If the setting is too high, it may cause speech distortion. If the setting is too low, it is unable to update BF filters so the previous filters will be used for spatial filtering. Please be careful to use this parameter. This parameter must be referred to the actual recording volume of microphones. If the volume is too low and this parameter is set to a large value, the frame will be treated as noise. The value range is [-80, 0], the recommend value is -20, and the step size is 1.

1.2.2. Diagonal loading¶

By adding a diagonal loading to the diagonal elements of the matrix for regularization, it can be ensured that the inverse matrix must exist and hence improve the robustness of Beamforming. Please be careful to use this parameter. If the setting is too high, it will cause Beamforming result not good enough. If the setting is too low, it will cause speech distortion. The value range is [100, 1], the recommend value is 10, and the step size is 1.

1.3. Note¶

1.3.1. Implementation¶

In order to facilitate debugging and confirm the effect of the algorithm, the user application needs to implement replacement algorithm parameter and grab audio data.

1.3.2. Cooperation¶

With the help of Audio Process Chain, Beamforming will have better signal enhancement and interference suppression effect.

1.3.3. Correspondence¶

Different channel numbers will correspond to different reference libraries. The user needs to confirm whether to use the correct number of channels and the corresponding reference library.

2. SPECIFICATION¶

The number of microphones must be at least two or more.
The microphones should be the same type.
The microphones gain should be the same.
For best performance, background environment should be quiet.
If you are using audio files as the sound source , you should make sure that there is no signal clipping in audio files, see Figure 1.

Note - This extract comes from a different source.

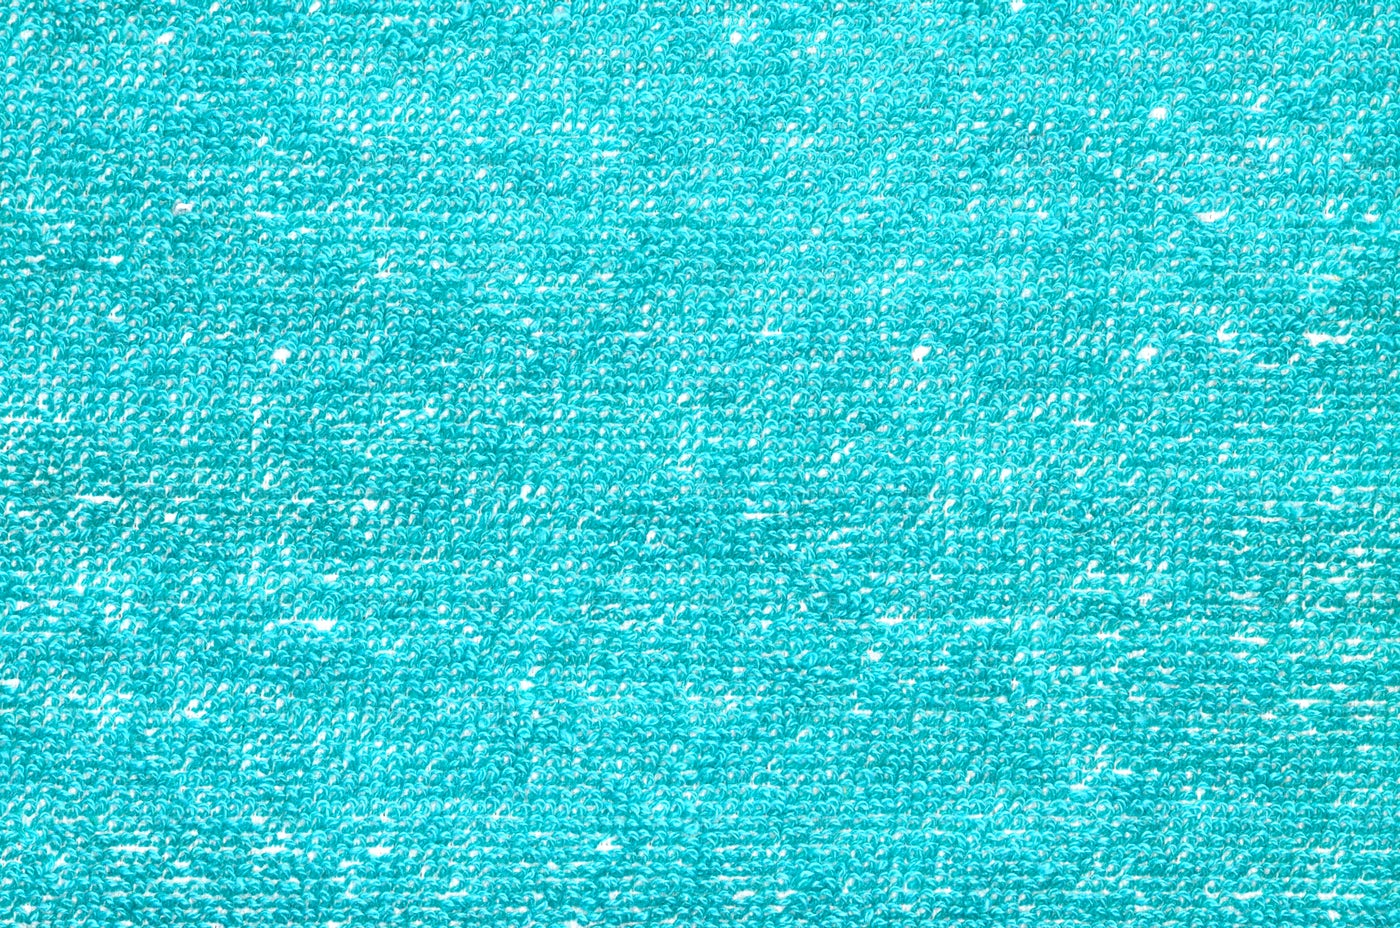 Turquoise Fabric: Stock Photos
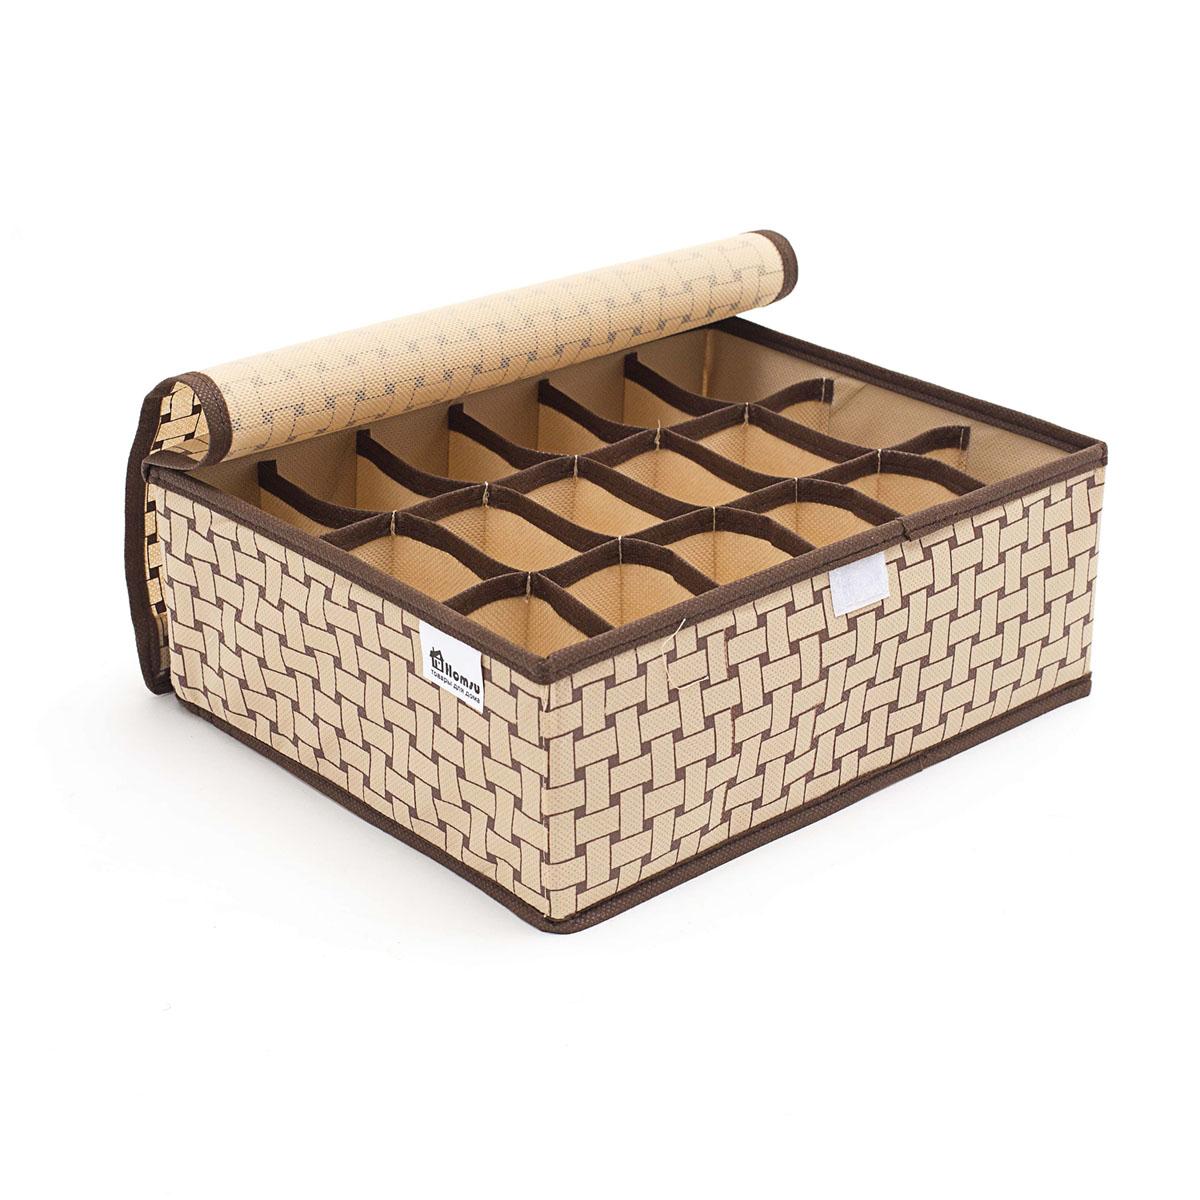 Органайзер для хранения вещей Homsu Pletenka, 18 секций, 31 х 24 х 11 см набор органайзеров homsu ностальгия с крышкой 31 х 24 х 11 см 3 шт

Figure 1: Audio example of clipping

3. Coordinate system of Microphone Array¶

3.1. Multichannel Microphone array¶

Compared to the system consisting of a dual microphone array, multichannel microphone array system is capable of reaching better spatial selectivity at a specific angle because it has better bandwidth resolution and more microphone weights could be controlled. We denotes the specific angle (the angle we want to improve) microphone_doa that represents the direction of sound. There are two main types of multichannel array system used in practice, one is the uniform linear array, and the other is uniform circular array.

3.1.1. Uniform Linear Array¶

Uniform linear array is a straight line array that is spaced evenly. Because of its DOA symmetry, we only consider the microphone_doa locates at the upper plane (from -90 degree to 90 degree). Figure 2 illustrates the uniform linear array and its coordinate system. The microphone_doa is defined as the angle between the array center and the x-axis where counterclockwise is positive. We recommend the distance of adjacent microphones should be bigger than 5cm or 6cm.

Figure 2: Uniform linear array and its coordinate system

3.1.2. Uniform Circular Array¶

Uniform circular array is a circular array that the angle between adjacent microphones and array center are the same. Because of its DOA asymmetry, we consider the microphone_doa locates at the whole plane (from -90 degree to 270 degree). Figure 3 illustrates the uniform circular array and its coordinate system. The microphone_doa is defined as the angle between the array center and the x-axis where counterclockwise is positive. The distance is the diameter of the circle. We recommend the distance should be bigger than 6cm.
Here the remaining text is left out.